The cracks were already beginning to show.

While GNR’s forefathers the Rolling Stones and Aerosmith suffered from combustible personalities and practically unlimited access to illicit substances, neither group was operating at the sheer horsepower — in performance and lifestyle abuse — as Guns N’ Roses.

On Nov. 7, 1991, less than two months after Use Your Illusion’s release, Stradlin abruptly quit the band after Rose nearly incited another riot mirroring his infamous incident in St. Louis in which he beat up a fan for filming the show. By tour’s end in 1993, Guns N’ Roses had played its final show of the millennium, and by 1997, Slash, McKagen and Sorum had departed as well.

As we all know, Rose spent the next two decades attempting to move GNR out of the shadow of its departed members with little success. After he finally buried the hatchet with McKagen and Slash in 2016, three out of five of Guns N’ Roses’ classic lineup reunited to return to their deserved stadium rock glory.

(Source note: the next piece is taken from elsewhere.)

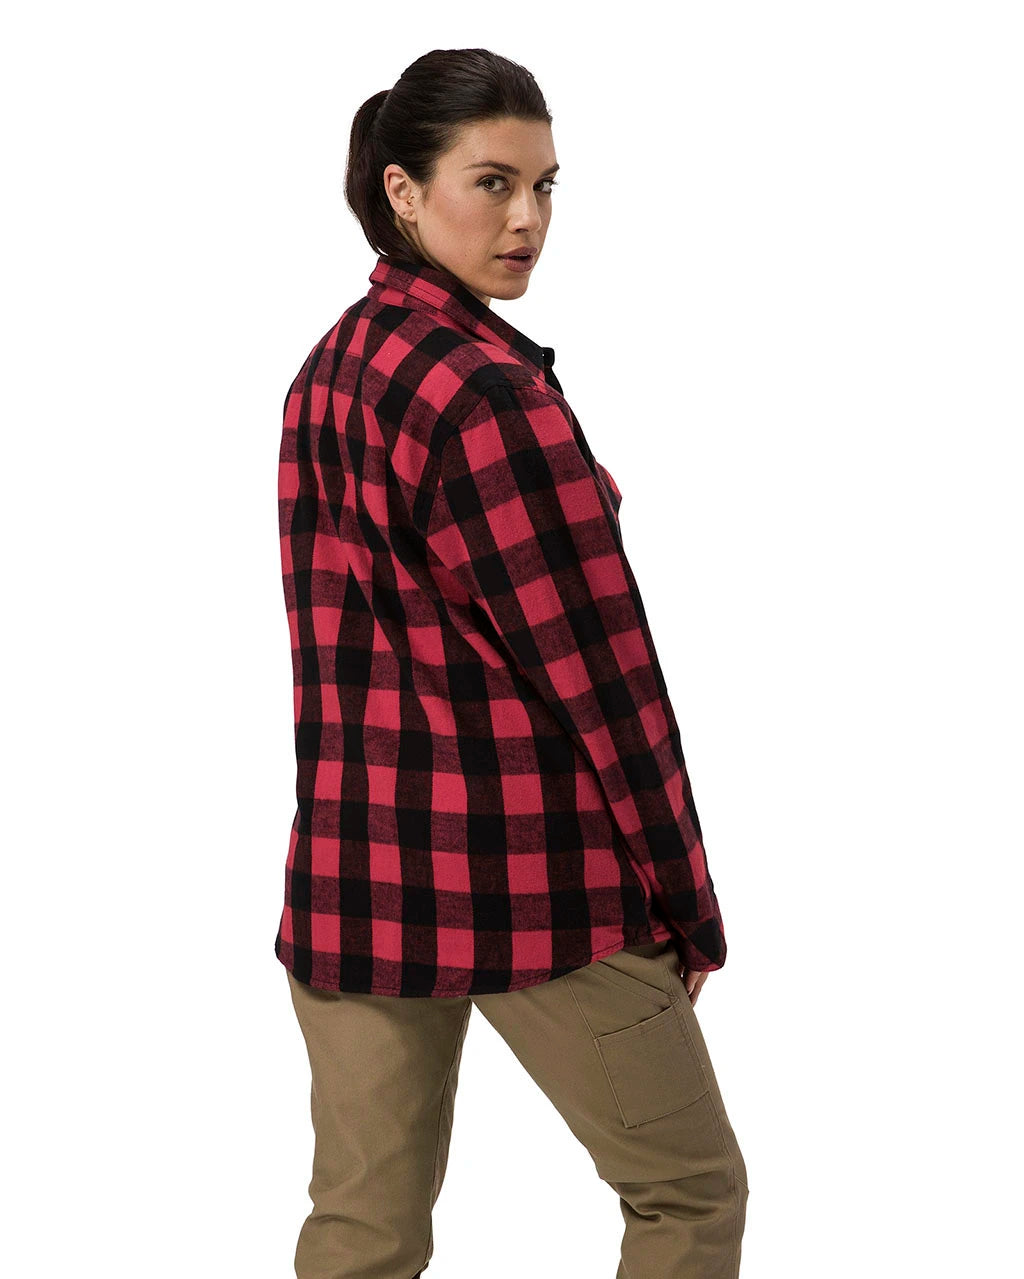 Cat 1610032 Women's Buffalo Check Overshirt - Red/Black 2X-Large Regular

Like other groups whose peak recorded output was cut short — Nirvana, Led Zeppelin, The Beatles — GNR's place among the greats is cemented. Fortunately for them, it was a feat accomplished without being forced to bear the weight of tragedy as those other bands. Guns N’ Roses were eventually able to set aside their differences and celebrate the beauty of their body of work by sharing it with their fans in concert more than two decades later. The Beatles, Led Zeppelin and Nirvana were never able to do that.

After all, nothing lasts forever, even cold November rain.